Dread of the quarantine amid the coronavirus caused the country's population to recall the empty grocery shelves of years ago, providing food retailers with unusually high sales in March. Market leader X5 Retail Group saw retail revenue rise 20% in March, and increase 15.9% overall by the end of the first quarter this year, exceeding the 11% growth of the fourth quarter last year, a time that traditionally has the year's highest sales during the run-up to the holiday season. Interfax interviewed X5's CFO, Svetlana Demyashkevich, who spoke about demand following the shopping frenzy in March, and about how the rules of the game in retail are changing.

Question: How did the company's sales perform in April and May? How did the dynamics of revenue, customer traffic and average bill change?

Answer: We began to notice an increase in the rate of sales back in March, and this trend continued in April and May. Our revenue in April and May significantly exceeded the budget. In April, growth was approximately at the level of the first quarter, that is, above 15%, which was also above our expectations. In May, growth stabilized slightly compared to April and March, but remained quite high and again exceeded our expectations. In early June, we once again see an acceleration relative to May.

If we look at the formats, then the Pyaterochka chain of neighborhood grocery stores is operating very well, as proximity is now important, as are Perekrestok supermarkets located in residential areas. If people previously went to different stores, with one buyer visiting six to seven shops in order to buy groceries, then this number has now reduced. People choose at most one to two grocery stores, so the number of purchases in one basket is growing. The closure of cafes and restaurants has also affected the number of purchases in a shopping basket as well as the selection of additional items. For us, this is of course a good trend, given the number of Pyaterochka stores that are located near consumers.

We also see a continuation of the trend for increased sales in the online supermarket segment of Perekrestok.ru and express delivery. We had growth of 40% in May of this year against April, and 7-fold growth against May of last year. Our total online sales in May reached 2.4 billion rubles, so we are once again among the leaders and are pleased with the result.

If we are talking about the dynamics of traffic and the average bill, then the same trend continued in May from April. Although people now go to grocery stores less often, the number of purchases in a basket is much larger, which offsets the effect of falling foot traffic, placing LfL sales at a good, positive value.

Q.: Is there any reason to expect a strong financial performance for the second quarter?

A.: Yes, we are now looking at the situation much more optimistically than in early April, because there were more risks then that were difficult to assess, and we were rather conservative in estimating these risks. Now we see that we have a good trend, sales are high; and, of course, this has a positive effect on profitability. Moreover, many of the additional expenses that were needed in March, and we provisioned for them for April and May, were not necessary. For example, we expected higher losses as a result of stocktaking, but this did not happen.

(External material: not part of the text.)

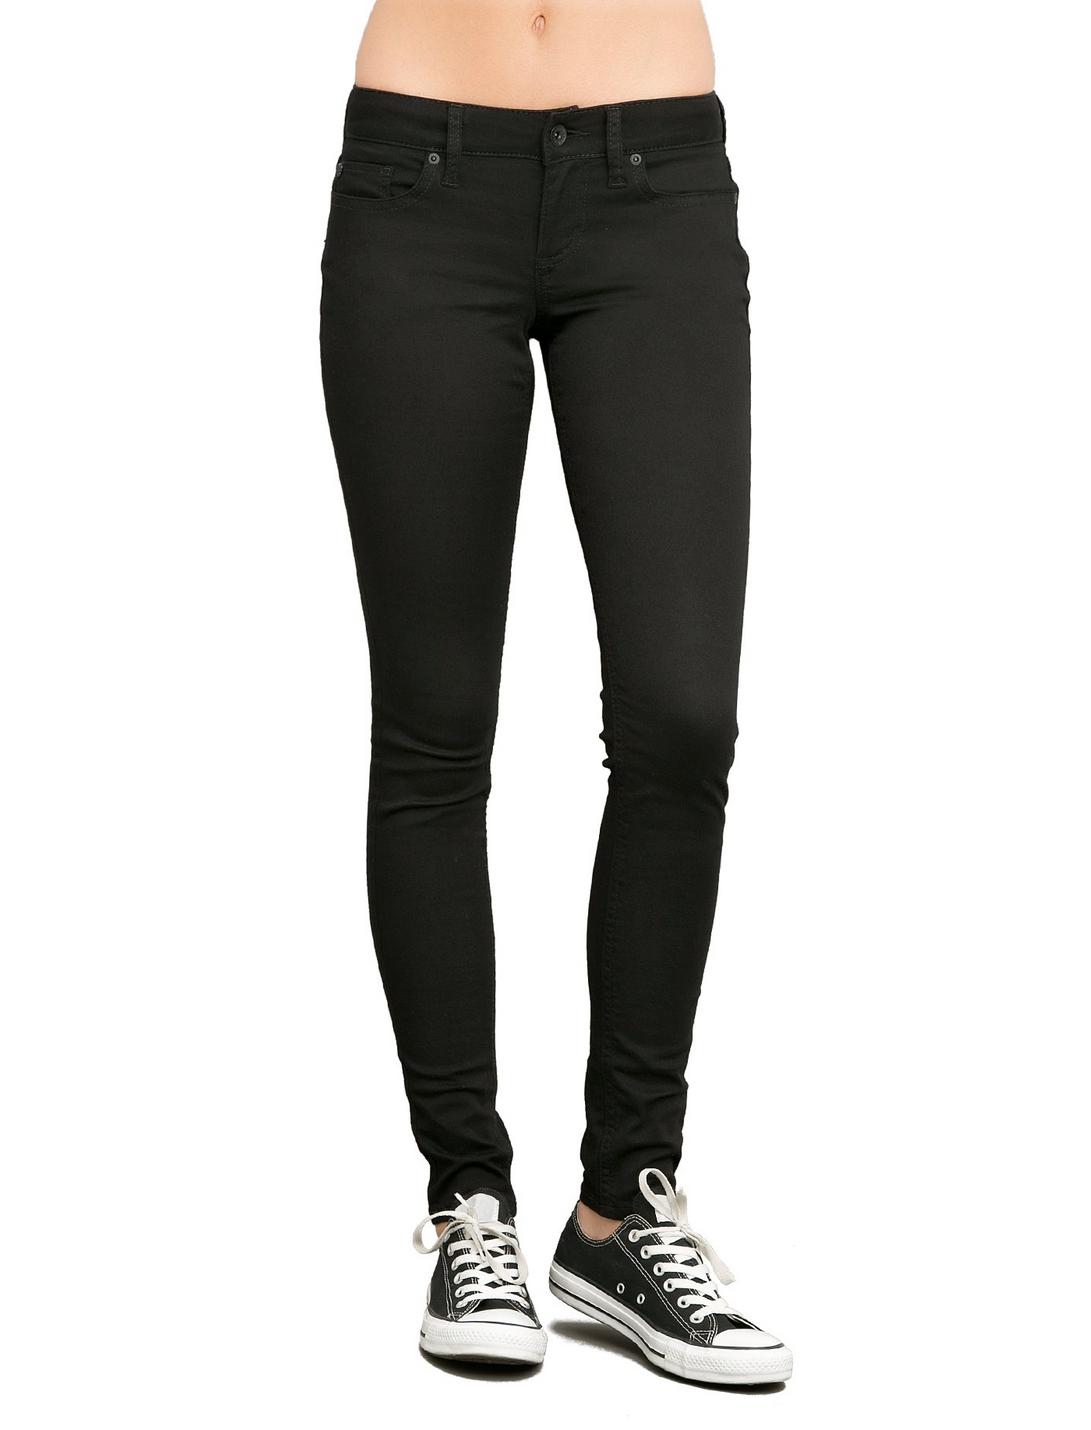 LOVEsick Black Skinny Jeans, BLACK, hi-res

Consequently, the financial results now exceed our expectations, and are significantly higher than the budget. We see that the EBITDA margin in the second quarter corresponds to last year, when second quarter financial results were at record highs. Allow me to say that the EBITDA margin then was 8.3%. The quarter is of course not over yet, though we do have April and May results. Based on these, we have every reason to believe that the results of the second quarter will be very strong.

At Pyaterochka, for example, margins for April and May are higher than last year, which, of course, is a very good result amid the current situation.

Another positive factor has been that we were able to reduce the share of promotional items back in January and February of this year compared to the fourth quarter of last year. This decline was planned, and we have managed to maintain a comfortable share of promotional items in the second quarter. These two factors of a reduction in losses and a decline in the share of promotional items have had a positive impact on the gross profit margin.

Q.: How significantly has the pandemic contributed to revenue growth?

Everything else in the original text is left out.